Cheguei em Amsterdam em 2019, quase 25 anos depois da minha primeira visita e concluí que Amsterdam continua sendo Amsterdam, bárbara, com um sistema de transporte público todo interligado, de fazer inveja a qualquer cidade do mundo.
Entendo que talvez essa seja a primeira resposta para a questão do não uso dos capacetes pelos holandeses; todo o sistema, mesmo que você esteja dirigindo um carro, o caminho será compartilhado com ciclistas. Para se ter uma ideia, quase 30% de todos os deslocamentos são feitos sobre duas rodas (um dos maiores do mundo).
Dessa forma, a consciência adquirida pelo usuário de que qualquer modal de transporte holandês escolhido é que, em algum momento, um ciclista atravessará o seu caminho. Consequentemente, gente mais atenta, menos risco ao ciclista e um ponto a menos ao uso do capacete.

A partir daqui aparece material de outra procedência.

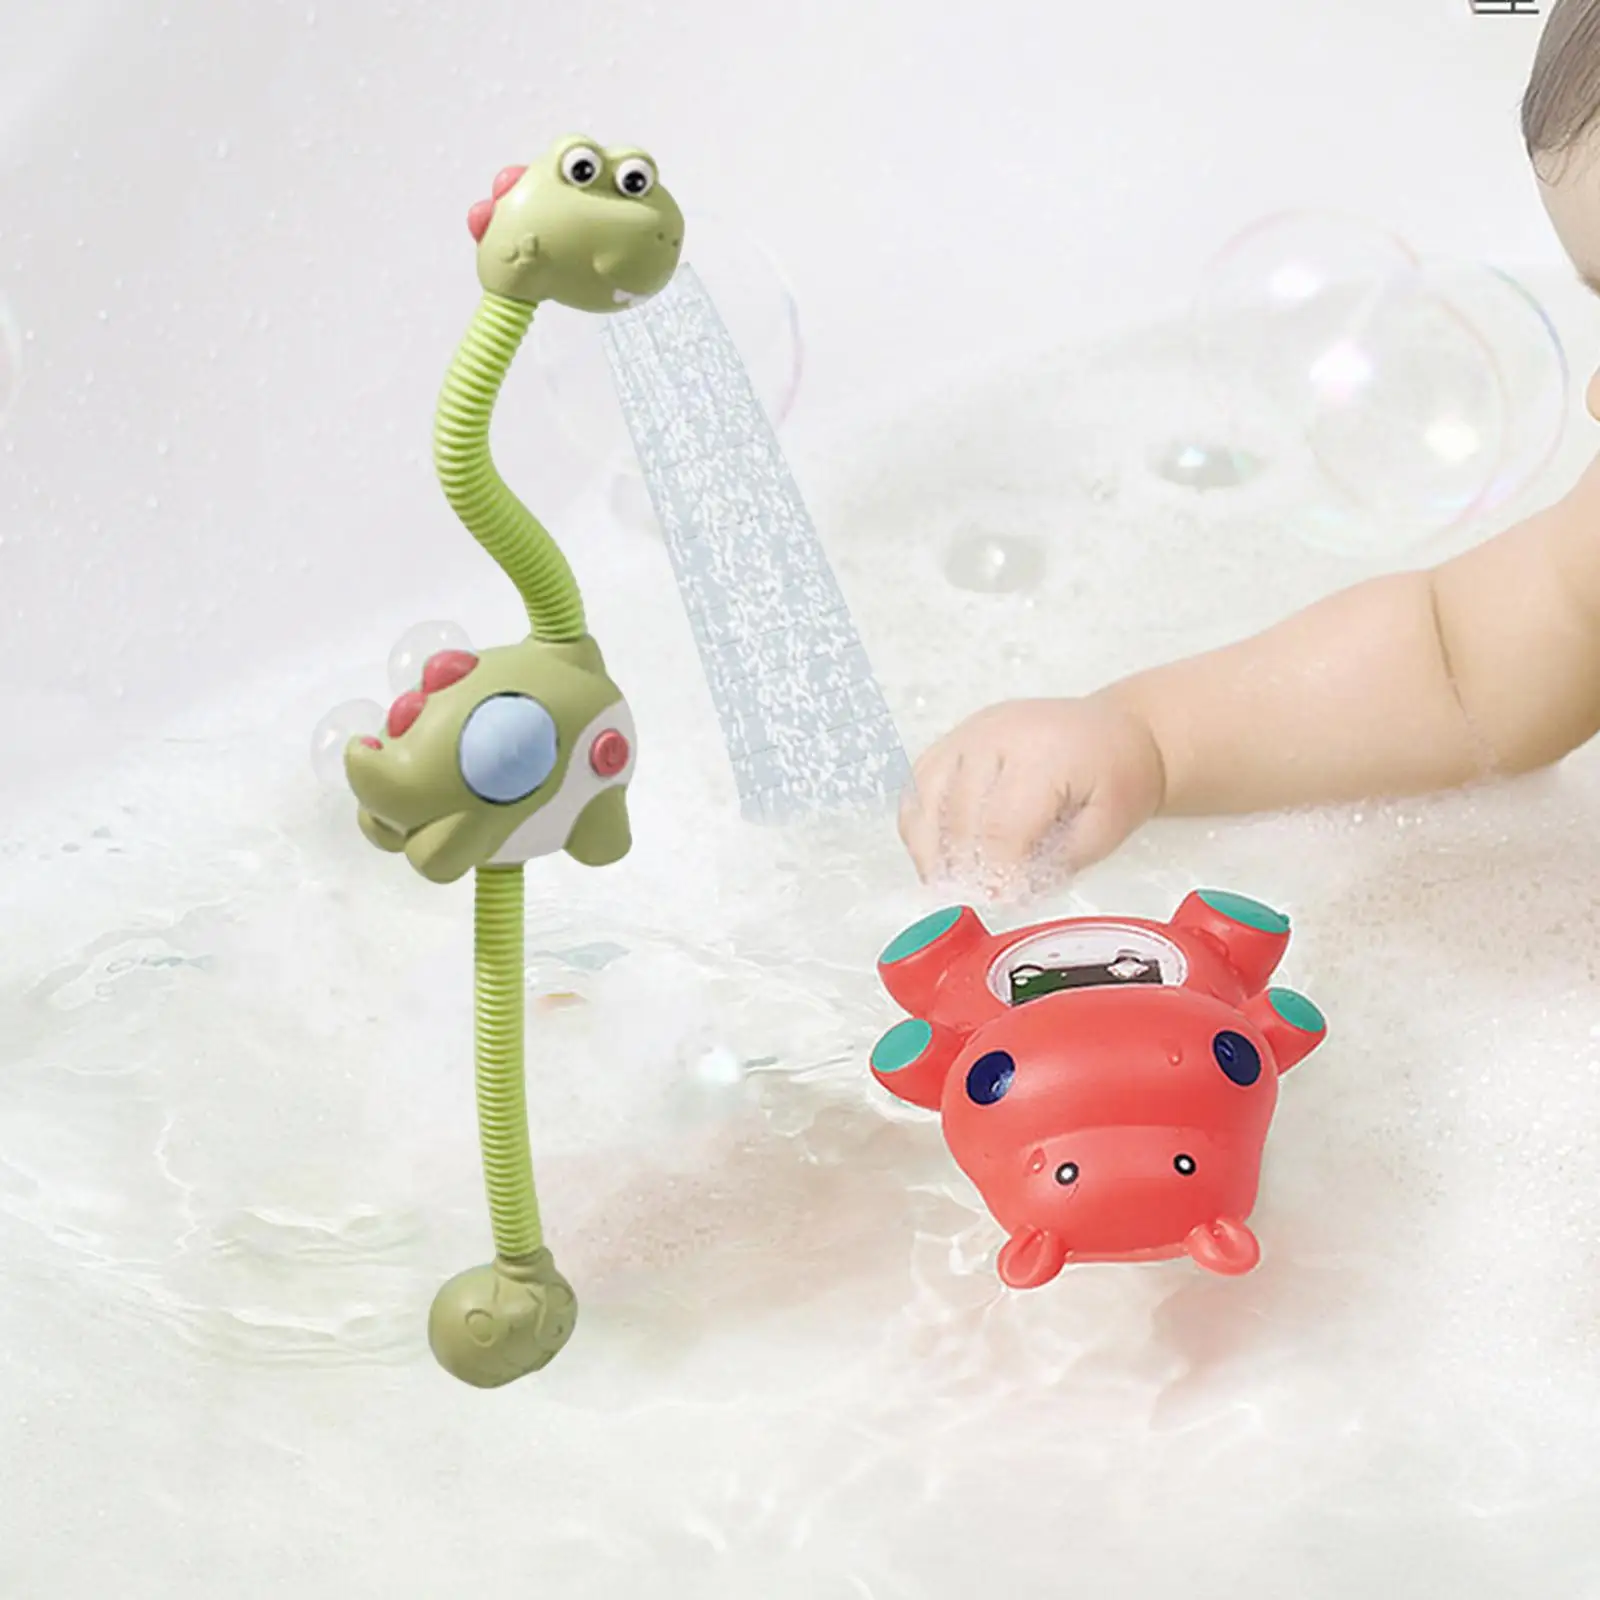 Infant Electric Shower Water Pump 360 Rotating and Adjusting Direction Bathtub Toy for Bathroom Pool Birthday Gift Toddles

A segunda justificativa vem da experiência que tive ao passar um final de semana na casa de um casal de holandesas que fiz amizade quando pedalava pela Patagônia. Conversando com elas, apontaram-me outro argumento para o não uso: o capacete pode limitar a visão grande angular, assim fornecendo risco à segurança do sistema.
Em Deventer, cidade holandesa onde estive por dois dias, notei que o sistema já possui um alto índice de segurança e confiabilidade, realmente tornando o capacete um acessório inútil. Como é sabido, os holandeses são educados a pedalar a partir dos cinco anos, com aulas teóricas, práticas de sinalização e segurança nas escolas. Os pequenos também incorporam desde cedo regras básicas de sinalização através de cores em inúmeros playgrounds espalhados pela cidade.
Uma outra hipótese pode parecer bizarra, mas foi o que senti quando estive por essas terras baixas. Regras mais rígidas podem ocasionar menos pedaladas. Na Holanda, o ciclismo como meio de transporte está incorporado ao dia a dia da sociedade. Então, uma regra rígida do uso obrigatório poderia gerar cidadãos menos dispostos a tirar a magrela da garagem. Por consequência, menos ciclistas, gerariam mais carros, logo, mais acidentes.
Dessa maneira, concluí que os holandeses estão mais focados em pensar em um sistema como um todo, mais proativo e minimizando riscos, onde todos participam e são responsáveis. Assim, se somos humanos, somos passíveis de erros, dessa forma o sistema está sujeito a falhas e em algum momento elas poderão ocorrer.
O que fazer? Tentar reduzir a zero a falha no sistema. Essa ideia nasceu do programa Visão Zero que foi criado na Suécia em 1997 e foi adotado por diversos países europeus, inclusive a Holanda. Com toda essa estrutura cuidadosamente planejada, chega-se à conclusão que o capacete é apenas uma agulha em um palheiro.
Entretanto, estamos no Brasil, longe da realidade holandesa. Nosso país é gigante comparativamente e temos problemas estruturais em nossas estradas, assim como de educação básica. Nossa cultura da bicicleta como instrumento de mobilidade está engatinhando perto da experiência holandesa. Dessa forma, a utilização do capacete é mais do que uma obrigação nesse momento, é um dever difundirmos o seu uso por muito tempo ainda, com um único objetivo: o de salvar vidas dos inaceitáveis acidentes de trânsito envolvendo ciclistas que presenciamos diariamente.